Jumlah golongan putih (Golput) dalam pemilihan umum yang selalu tinggi membuat mahasiswa pasca sarjana Ilmu Komunikasi FISIP Universitas Brawijaya Malang prihatin.

Untuk itu, mereka melakukan gerakan santri anti Golput, yang nanti akan dilakukan di seluruh pondok pesantren, khususnya di  wilayah Malang Raya.“Kita harapkan dengan adanya kampanye ini bisa menekan angka Golput.

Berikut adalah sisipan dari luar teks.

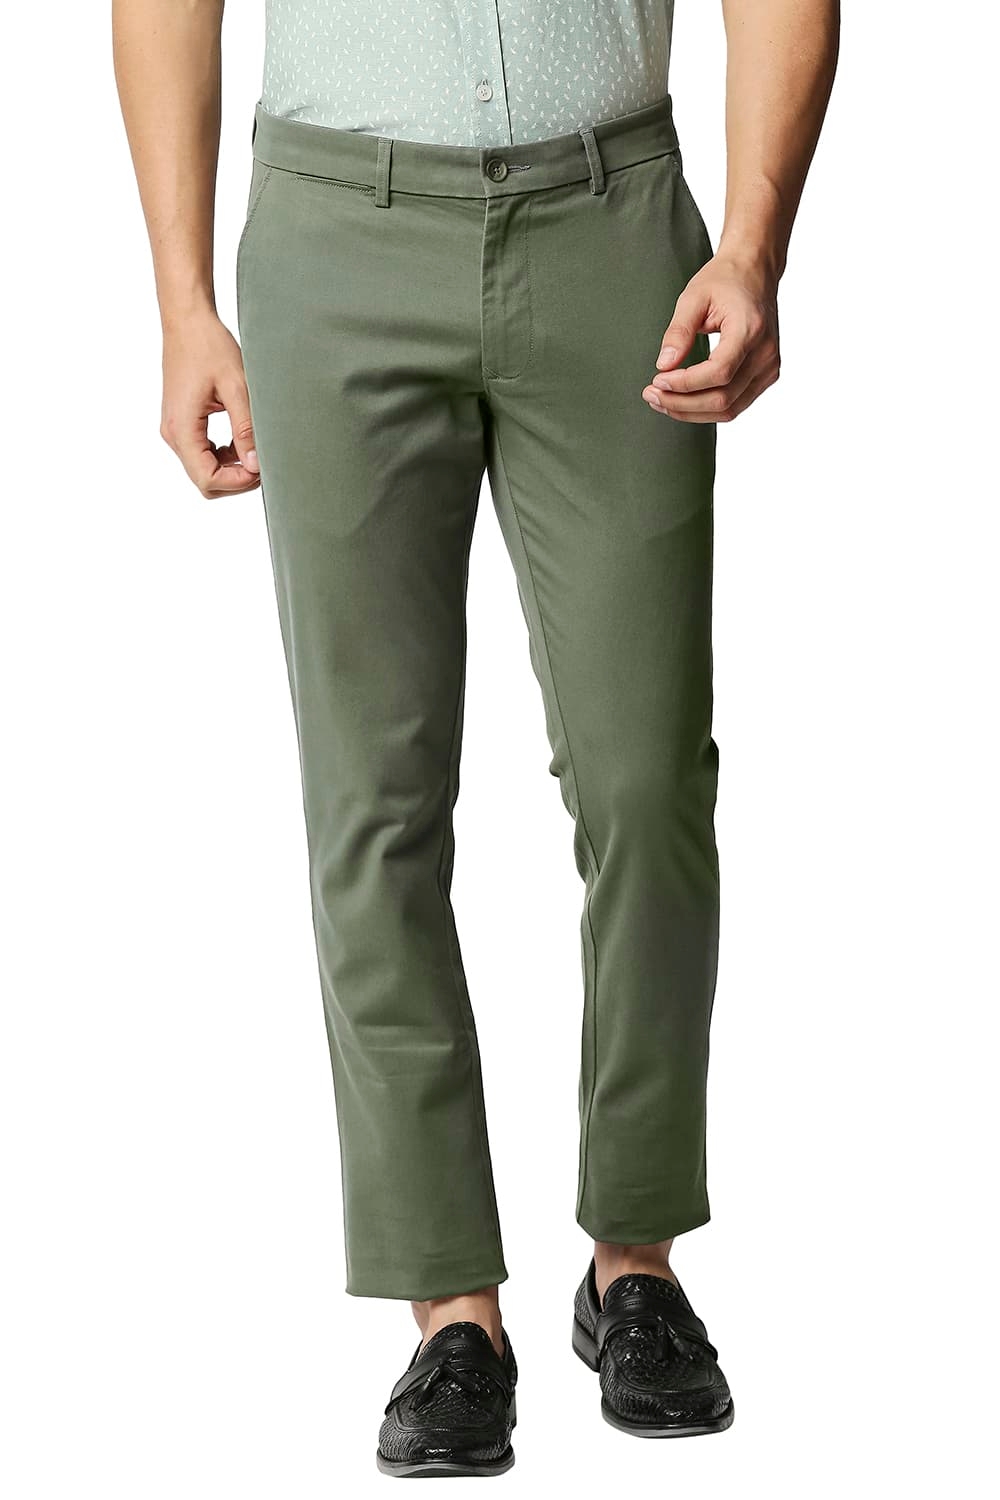 BASICS CASUAL PLAIN GREEN COTTON STRETCH TAPERED TROUSERS 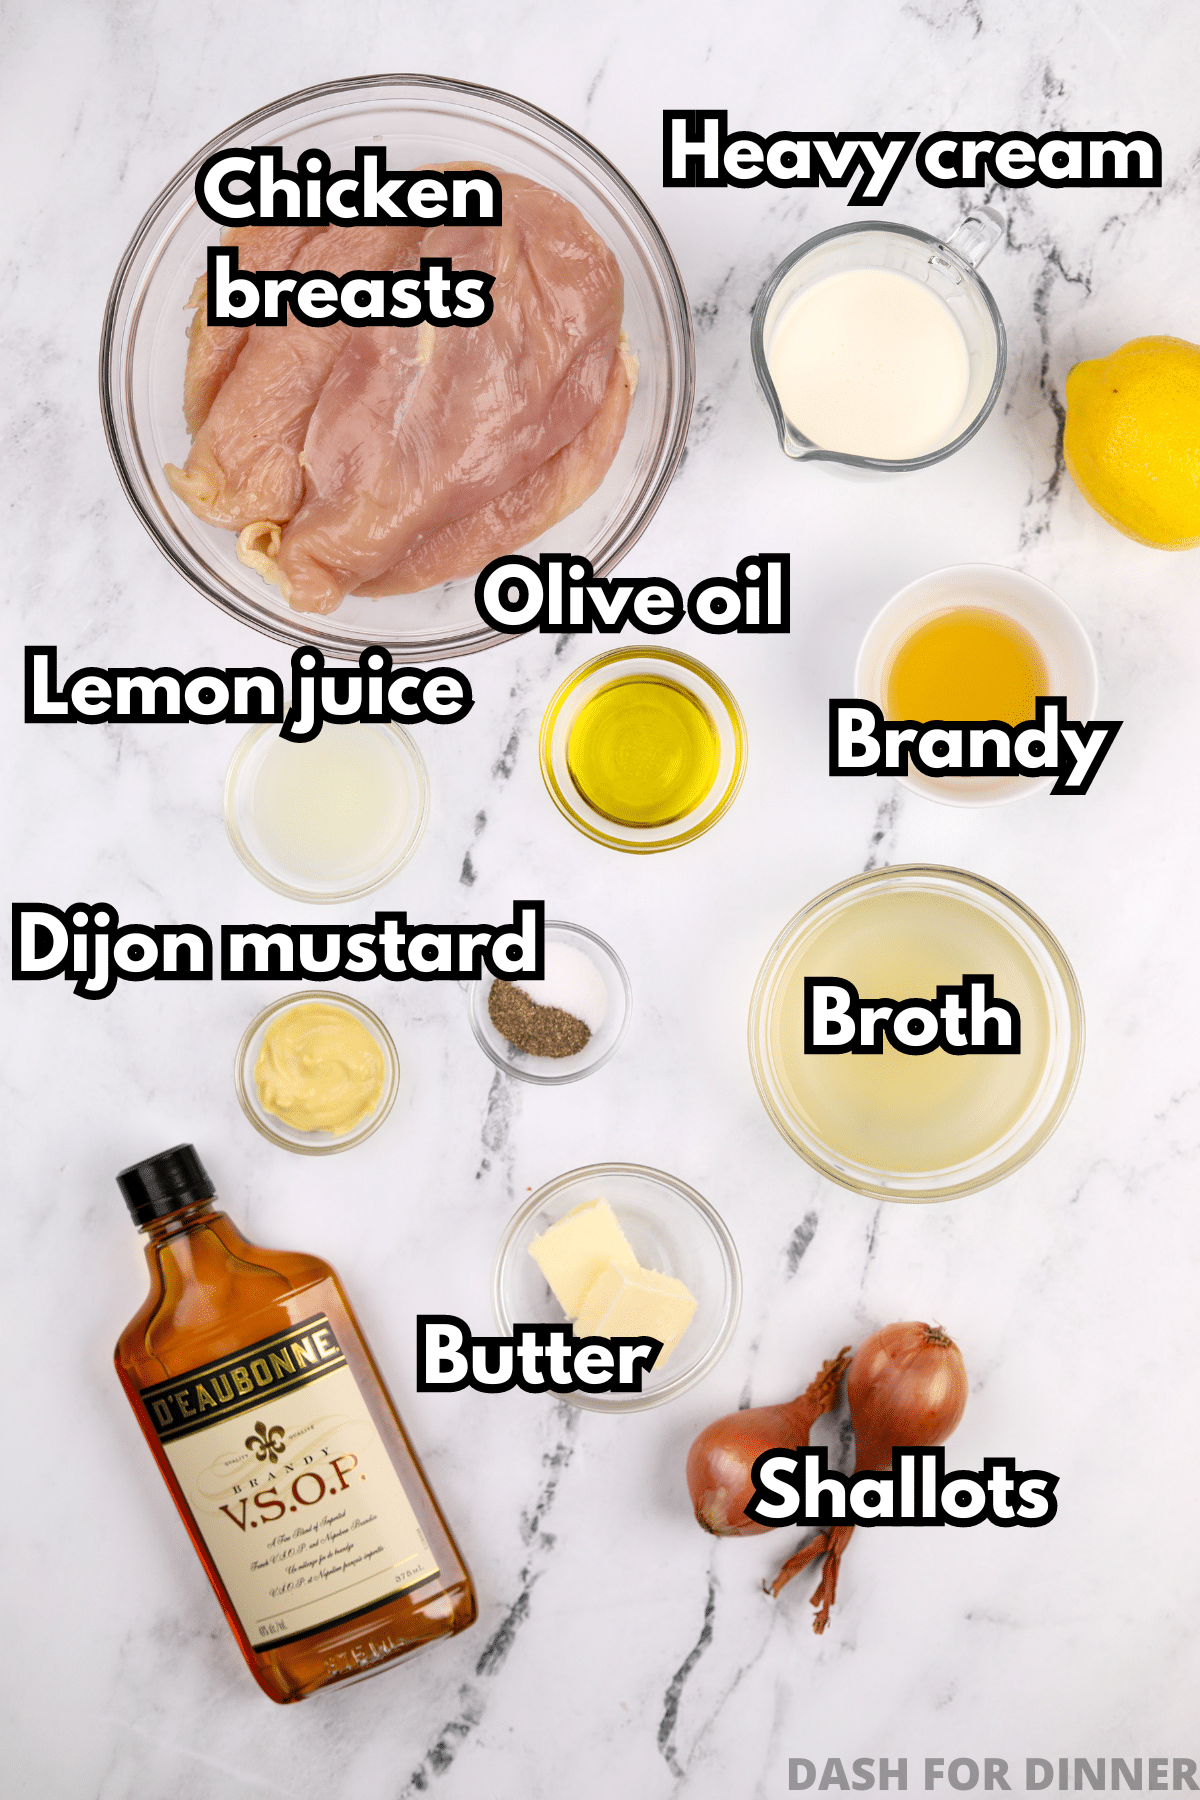 The ingredients needed to make chicken diane, including brandy, broth, mustard, olive oil, and butter.

Bahkan, bisa mengalahkan calon pemenang,” kata Muhammad Irfan Anshori, Ketua Gerakan Santri Anti Golput, Jumat (17/1/2014).

Dia membeber data yang dimiliki terkait dengan jumlah Golput selama Pemilu sebelumnya. Baik itu Pilkada, Pileg, Pilgub maupun Pilpres. Menurut dia, rata-rata dari tiap Pemilu, jumlah Golput berkisar 35 hingga 40 persen.

Sedangkan sasaran sosialisasi selama ini, yang dilakukan penyelenggara Pemilu tidak ada yang baru. Seharusnya, tandas dia,  KPU sebagai penyelenggara melihat tempat-tempat strategis lainnya, yang mampu meningkatkan angka partisipasi pemilih.

Masih menurut dia, Ponpes memiliki potensi yang besar untuk menekan angka Golput. Mengingat jumlah santri di seluruh Indonesia mencapai 3,65 juta orang. Mereka   tersebar di 25 ribu pondok pesantren.

“Bayangkan, satu santri mampu mengajak dua orang saja untuk nyoblos, maka akan ada 10 juta lagi  suara yang terselamatkan. Ini saya kira sangat strategis,” tuturnya saat meluncurkan Gerakan Santri Ani Golput itu.

 

Irfan menegaskan, program yang baru pertama kali digagas di Indonesia tersebut, murni kegiatan sosial. untuk membantu “Kami hanya mengarahkan santri untuk menyampaikan hak pilihnya, bukan untuk mengarahkan memilih salah satu calon atau partai,” tegas dia.

Kegiatan tersebut sudah dilakukan di beberapa pesantren. Bahkan para santri nanti akan dinobatkan menjadi Laskar Anti Golput untuk membantu sosialisasi. “Kami juga sosialisasikan hal tersebut  melalui media sosial,” pungkas pria asal Jember ini.